Rogers, Larson, Cohen, and Wilson Introduce Bi-Partisan Legislation to Spur Job Creation and Investment in Promise Zones

Washington, DC, Mar 23 | This email address is being protected from spambots. You need JavaScript enabled to view it. (606-679-8346) | 0 comments

Amanda Schoen (Larson) 860-539-4924
Danielle Smoot (Rogers) 606-679-8346
Michael Eisenstatt (Cohen) 202-225-3265

Leacy Burke (Wilson) 202-225-2452 Today, U.S. Rep. Hal Rogers (R-KY), U.S. Rep. John B. Larson (D-CT) Rep. Steve Cohen (D-TN), and Rep. Joe Wilson (R-SC) introduced The Promise Zone Job Creation Act to create new tax credits to incentivize the hiring of residents of federally-designated Promise Zones. It would also encourage new investments to bring property, equipment, or software to these hard-hit communities.

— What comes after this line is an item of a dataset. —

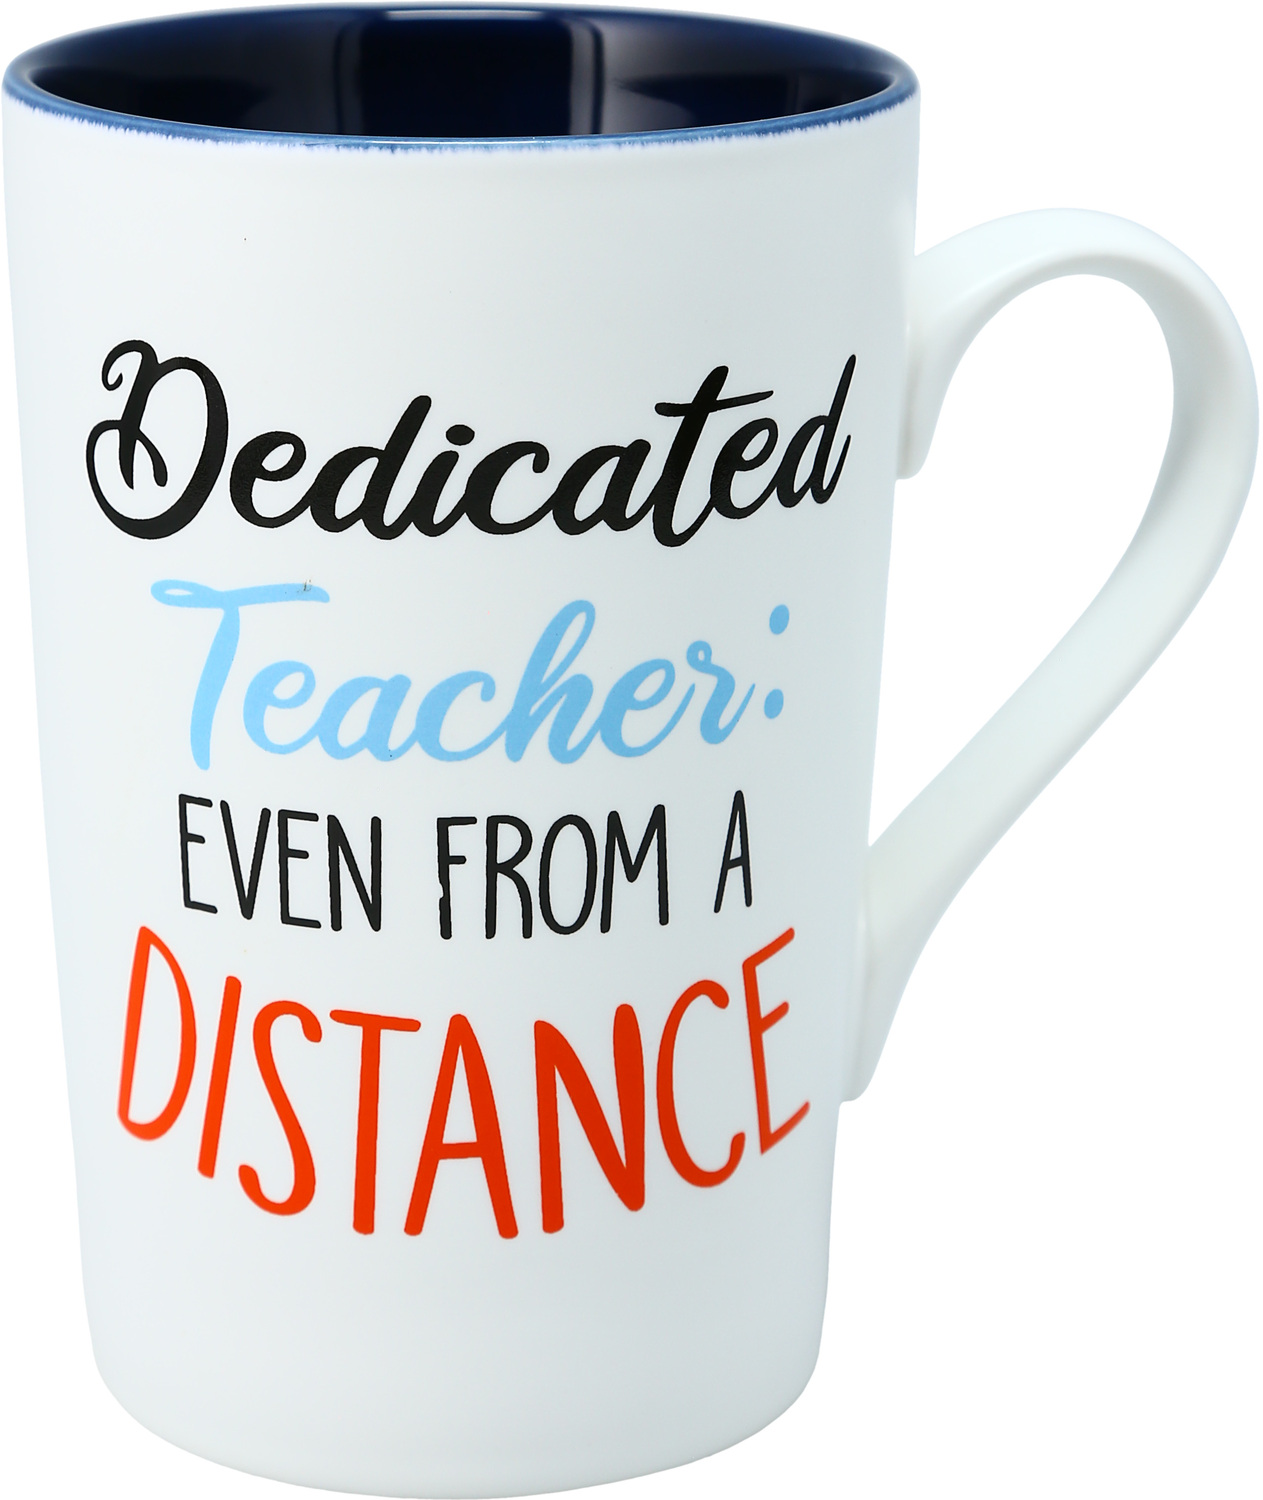 Dedicated Teacher by Essentially Yours - Dedicated Teacher - 15 oz Latte Cup

“Coal country has suffered devastating and economically debilitating impacts from this Administration's war on coal. In Kentucky’s coalfields, we’ve lost nearly 11,000 coal mining jobs since 2009, making the effort to revitalize and rebuild a difficult, uphill battle,” said Rogers. “I am proud of the efforts that local leaders have already undertaken to leverage the Promise Zone designation in Eastern Kentucky, and with this legislation, we can take those efforts to the next level. I am proud to partner with this bipartisan group of members in introducing this bill, which will encourage new businesses to establish roots in the coalfields where they will find some of hardest working, dedicated workforces in the country.”

“Many Promise Zone’s—like Hartford’s North End—face tremendous challenges battling poverty, homelessness, unemployment, and even violence,” said Larson. “The Promise Zone designation assures priority consideration for federal funding and AmeriCorps VISTA volunteers, but I firmly believe we can do more. This bill will encourage businesses to locate within and hire residents from the Zone. I commend Chairman Rogers for his partnership as well as Mayor Luke Bronin, Thea Montanez, and local leaders like our ‘06120 Delegation’ for their dedication to improving the lives of North End residents. Every American deserves the dignity that comes from having a job, and this bill will help make that a reality for men and women who are most in need. “

“I am proud to be an original cosponsor of this bipartisan bill that will bring more jobs and economic investment to designated Promise Zones,” said Cohen. “Memphis is unfortunately ranked in the top ten of the most economically distressed cities in the United States and has the second highest unemployment rate of metropolitan areas with more than a million people. So being from Memphis, I realize the importance of the Promise Zone program to reduce concentrated poverty and increase the economic vitality of Memphis and similar cities that could be designated Promise Zone areas.”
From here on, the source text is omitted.